Are You Connected? Maps in a 3D game world must feature massive interconnectivity. Tunnels that go direct from Point A to Point B are bad; loops (horizontal and vertical) and areas with multiple entrance and exit points are good.
HullBreach
QUOTE (Wounded Ronin @ Feb 28 2007, 09:06 PM)
Think 3D. A 3D map cannot be laid out on graph paper. It has to take into account things over the player's head and under the player's feet. If there's no need to look up and down - constantly - make a 2D game!

This one is a pain in the butt for us GM's. Ive been trying to come up with a good solution to this for 10+ years and have tried many, many things in vain.
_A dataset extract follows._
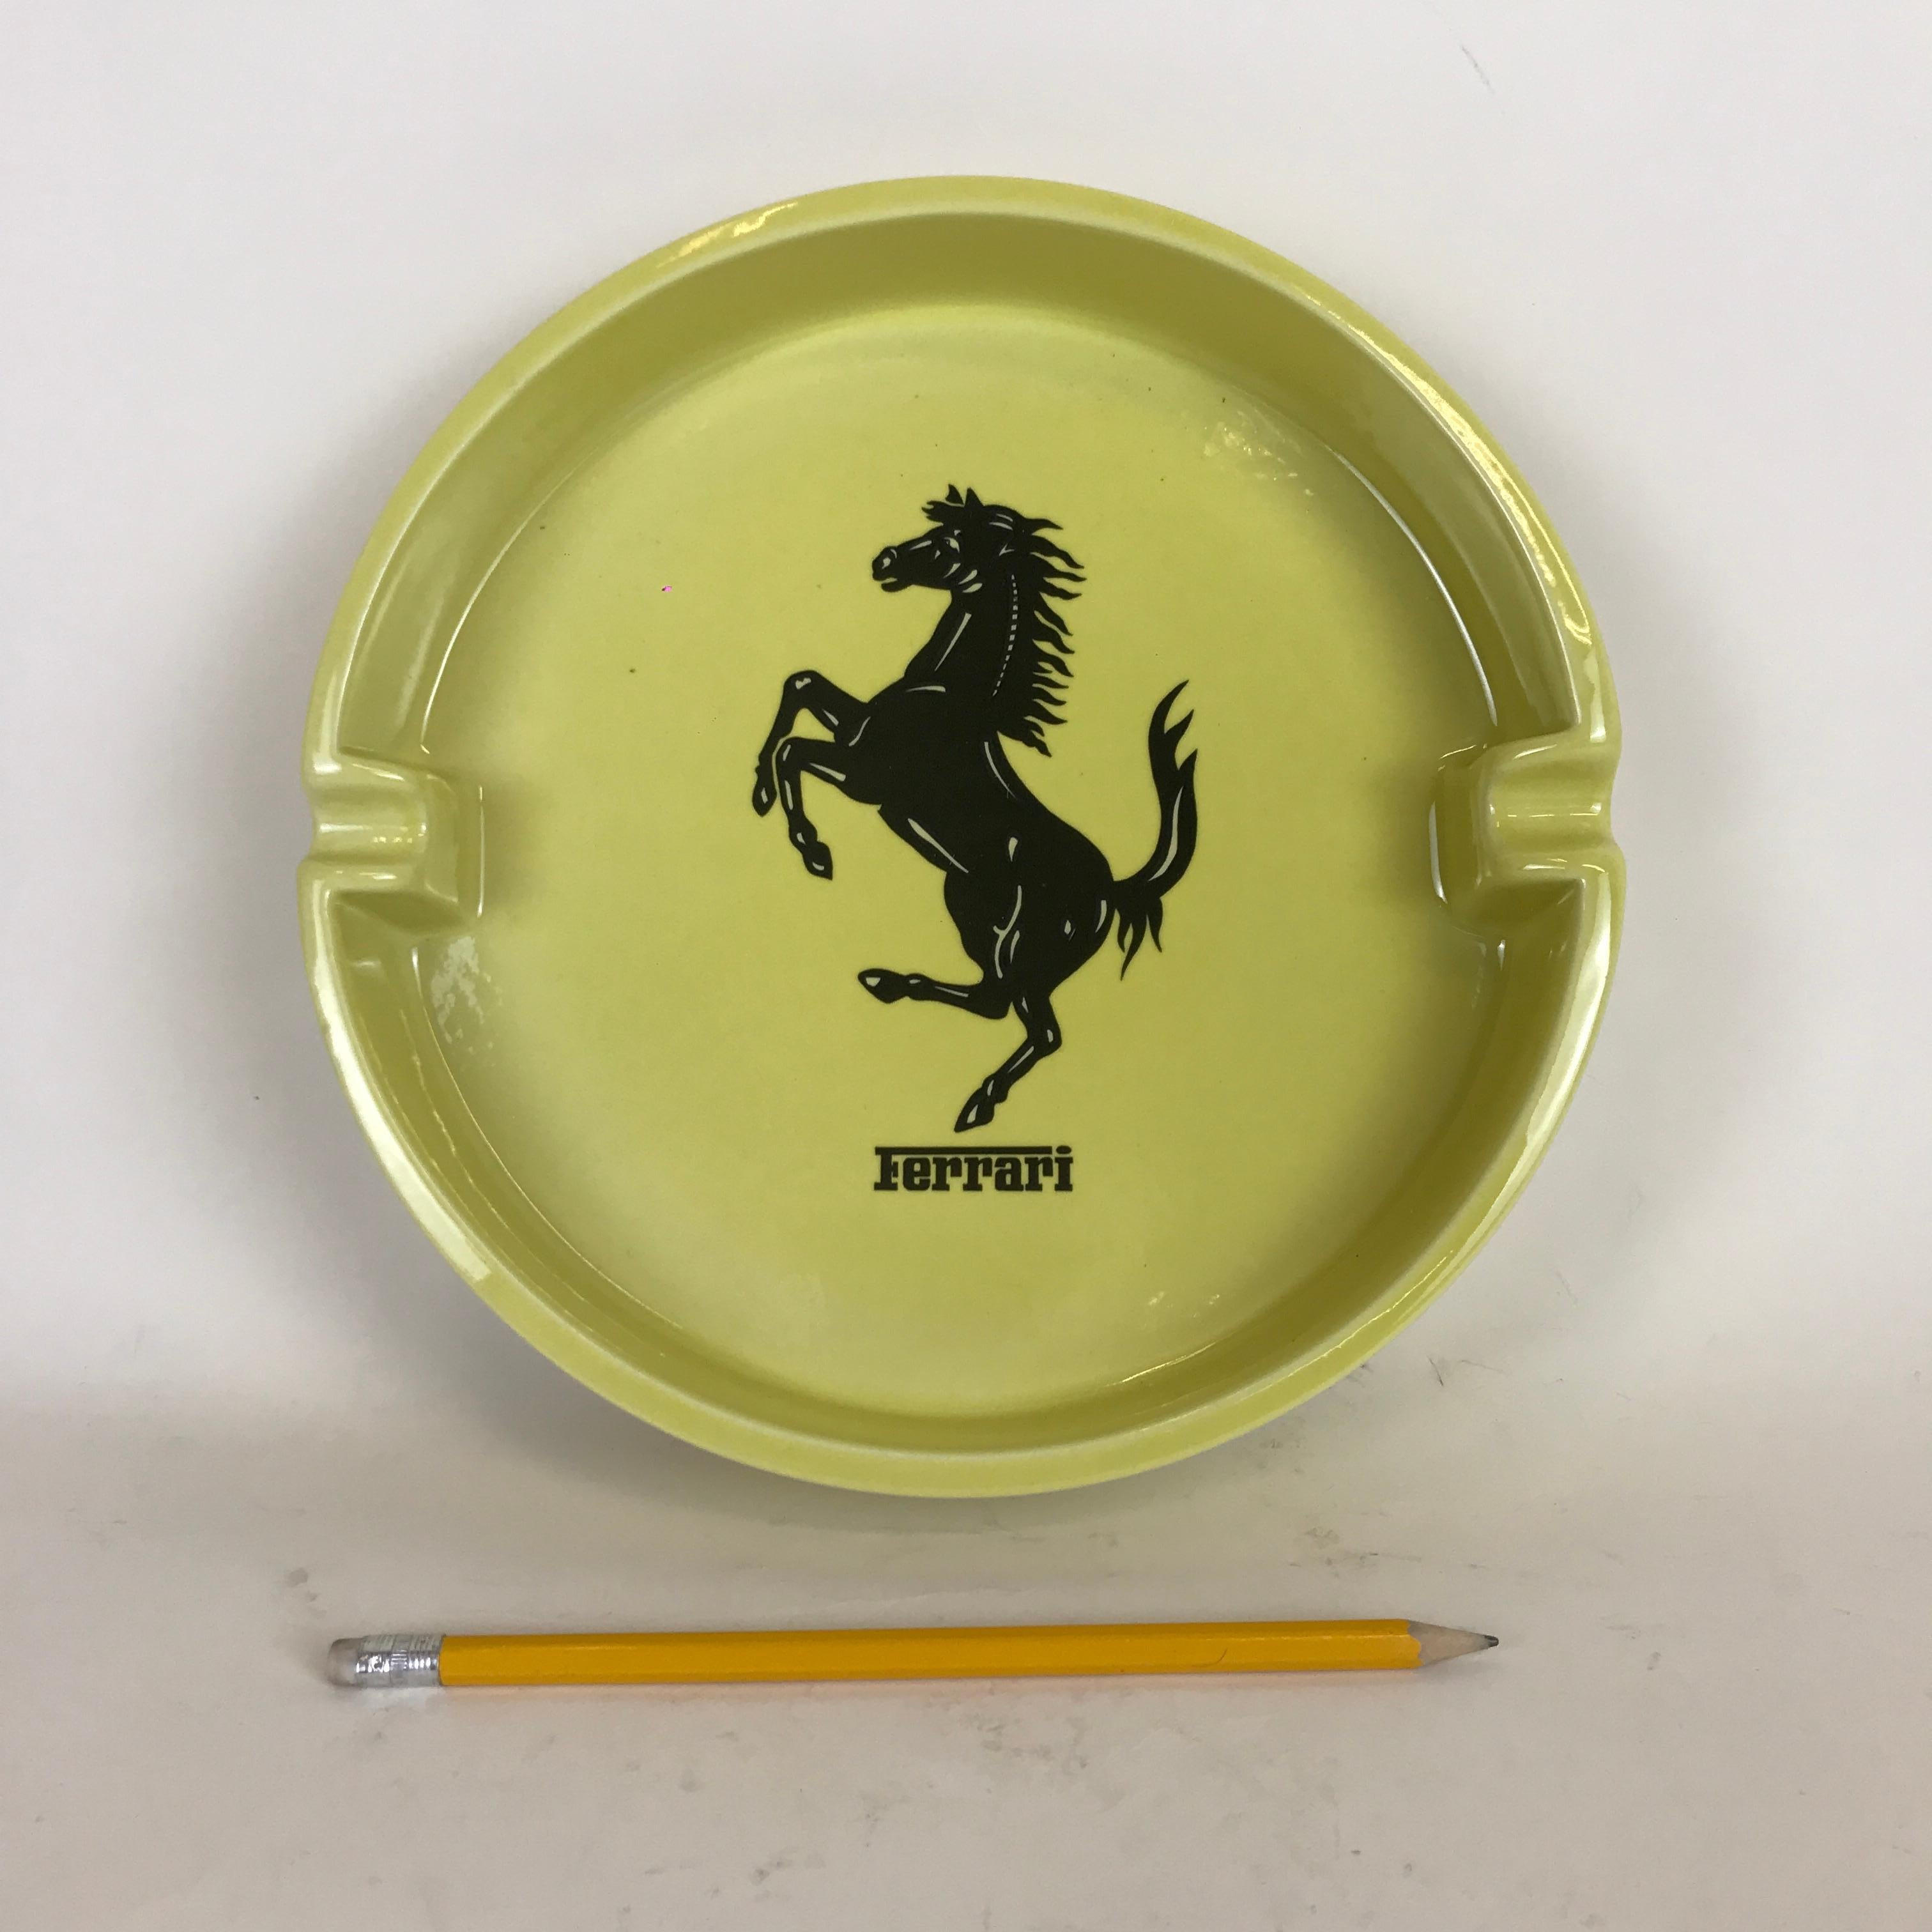 Ferrari advertising ashtray in yellow ceramic made in Italy by Bitossi in the 1980s. This large circular ashtray has a black Ferrari horse symbol in the centre and one Ferrari logo outside on the border. It's also marked Bitossi on bottom. 

The

One of the best I found involved a large kit of childrens wooden blocks and 2 colors of little plastic army men. It wasn't the most portable rig in the world, but it worked pretty well, and we could improvise other props and things on the fly without much effort.
nezumi
One thing I've been learning, having the NPCs save the day isn't always a bad thing. My wife is playing a single player game I'm running, and last night her character was traveling with two other major NPCs, both of whom are supposed to be much more powerful than her and are related to her by marriage, when they were caught up in a huge battle. She said that some of the coolest scenes were where she was busy with some other challenge, and the two NPCs did something awesome, or another NPC swept in suddenly and unexpectedly to change the course of the battle, etc. All of the NPCs had bigger roles than she did (although she still had plenty of challenges on her own). On the other hand, when trouble comes up and the NPCs 'watch' (or are caught up with their own issues), she gets frustrated.

So that rule can certainly be taken too far. The rule is know your players, know your game. In a deadly game especially, PCs may want the NPCs to carry more of a burden.